Now Robert Owen, a retired British judge, has carefully and comprehensively documented what can only be called an assassination. Owen concludes that the two Russians who met Litvinenko at the bar, Andrei Lugovoi and Dmitry Kovtun, deliberately poisoned him, and also tried to do so earlier, on Oct. 16. Moreover, Owen found Lugovoi was acting "under the direction" of the FSB in an operation to kill Litvinenko- one that was "probably approved" by the director of the FSB and by Putin.

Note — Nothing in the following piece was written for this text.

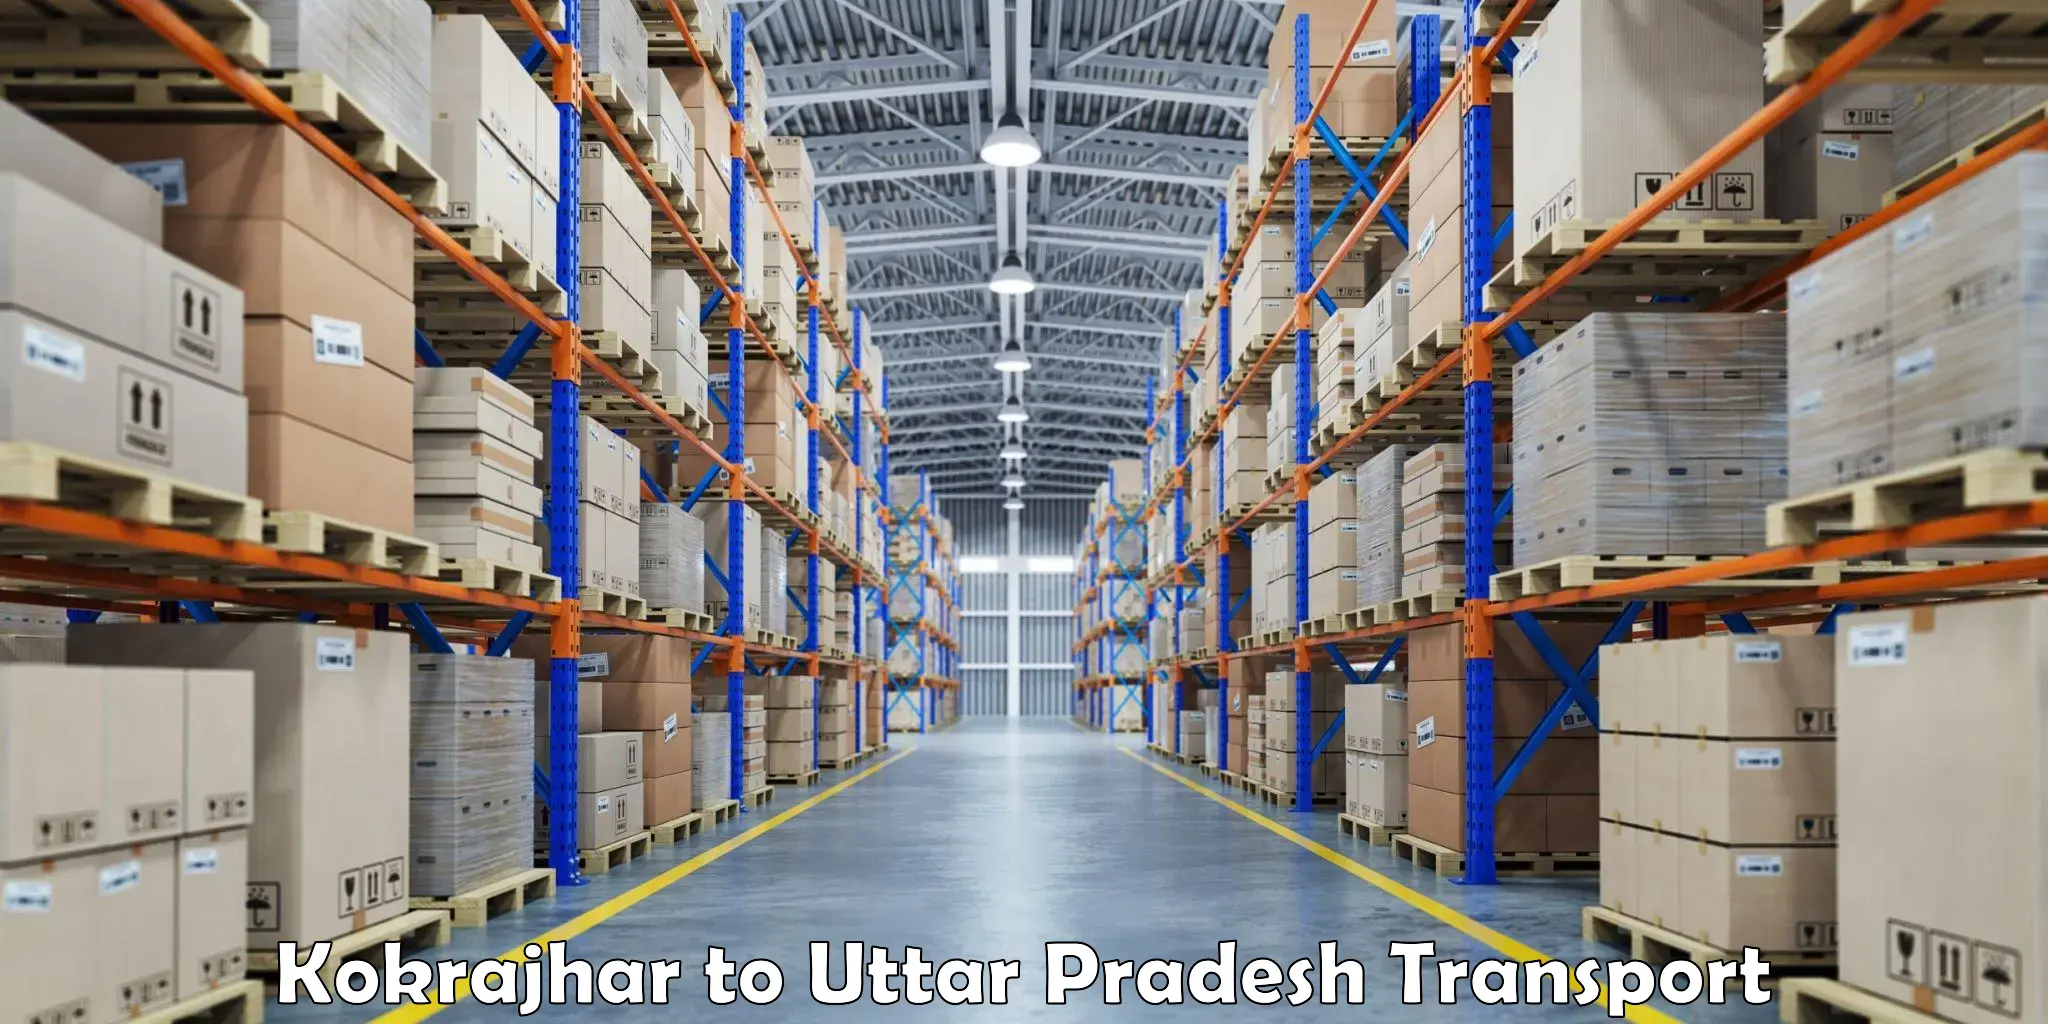 Shipping partner Kokrajhar to Faridpur

This raises a serious question for President Obama and other world leaders whose governments do not traffic in contract murder. Should they continue to meet with Putin as if he is just another head of state? The British report does not prove that Putin ordered the murder. But at a minimum, he has built a state that operates on the premise that his personal enemies can be wiped out anywhere. The brave journalist Anna Politkovskaya was shot dead weeks before Litvinenko was poisoned; last year, opposition leader Boris Nemtsov was gunned down near the Kremlin walls.

This is not how normal states behave, and the rest of the world should no longer treat Russia as a normal state. Engagement at working levels has to continue, but the criminality of the Putin regime should disqualify him from the normal interactions of global affairs. He is an outlier in behavior; he should be treated as an outcast.